## GIVEN RECORDS
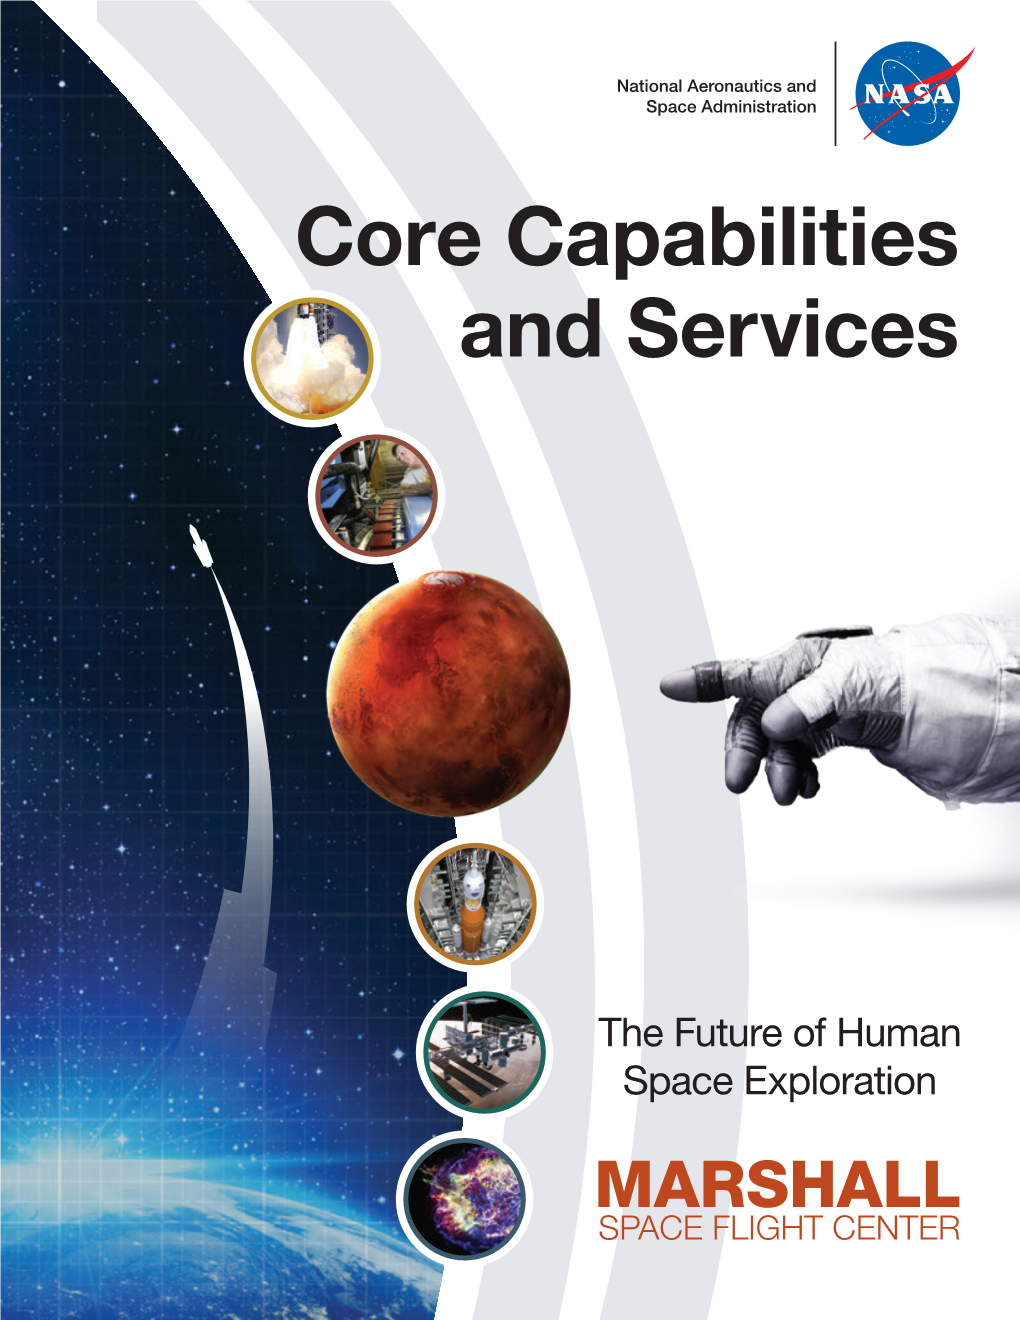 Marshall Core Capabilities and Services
--
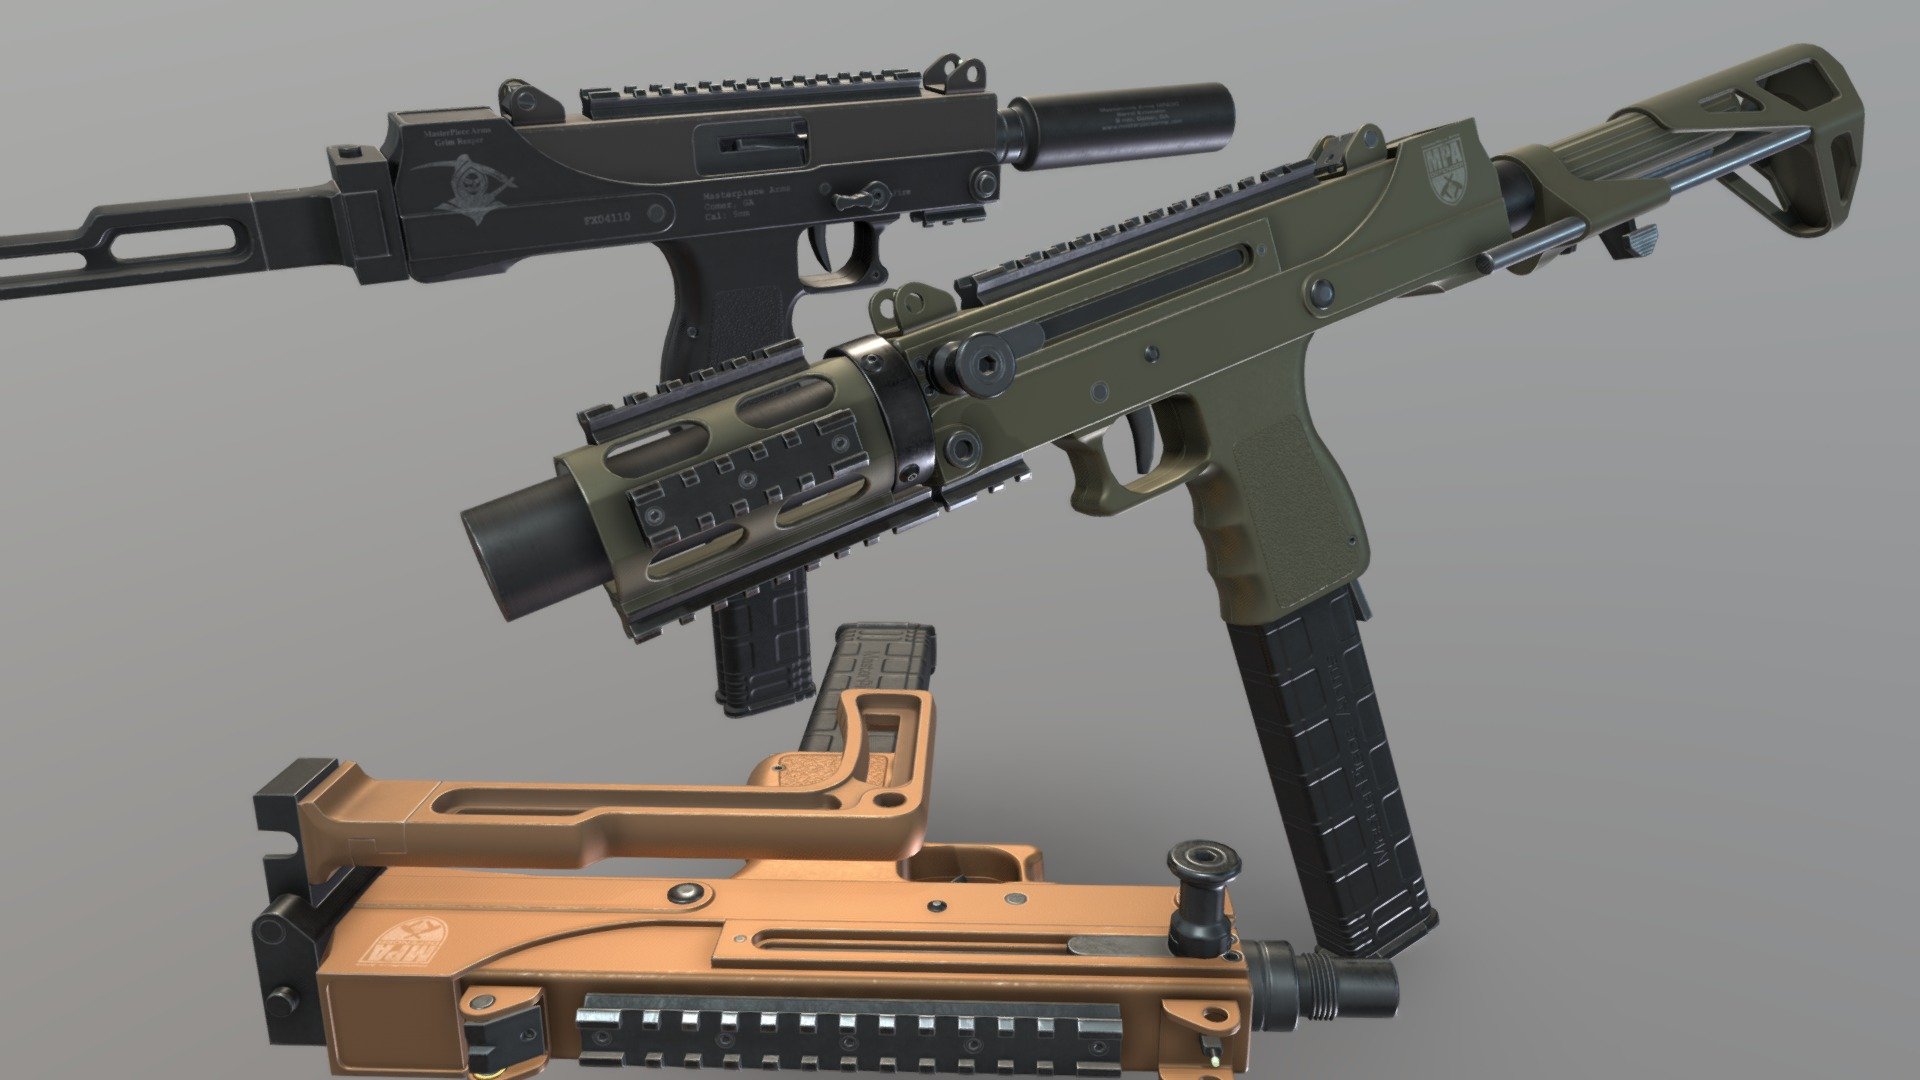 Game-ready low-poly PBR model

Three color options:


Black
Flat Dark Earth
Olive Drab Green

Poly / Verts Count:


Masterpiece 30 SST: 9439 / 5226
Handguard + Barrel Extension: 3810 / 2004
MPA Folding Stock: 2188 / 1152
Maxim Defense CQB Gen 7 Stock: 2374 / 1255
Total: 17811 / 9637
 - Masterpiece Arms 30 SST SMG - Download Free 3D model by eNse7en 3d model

## ASSIGNMENT
In the data above, which lines lie between the line with "Masterpiece 30 SST: 9439 / 5226" and the line with "- Masterpiece Arms", inclusive? Print those lines exactly and nothing else.

## SOLUTION TO THIS TASK
Masterpiece 30 SST: 9439 / 5226
Handguard + Barrel Extension: 3810 / 2004
MPA Folding Stock: 2188 / 1152
Maxim Defense CQB Gen 7 Stock: 2374 / 1255
Total: 17811 / 9637
 - Masterpiece Arms 30 SST SMG - Download Free 3D model by eNse7en 3d model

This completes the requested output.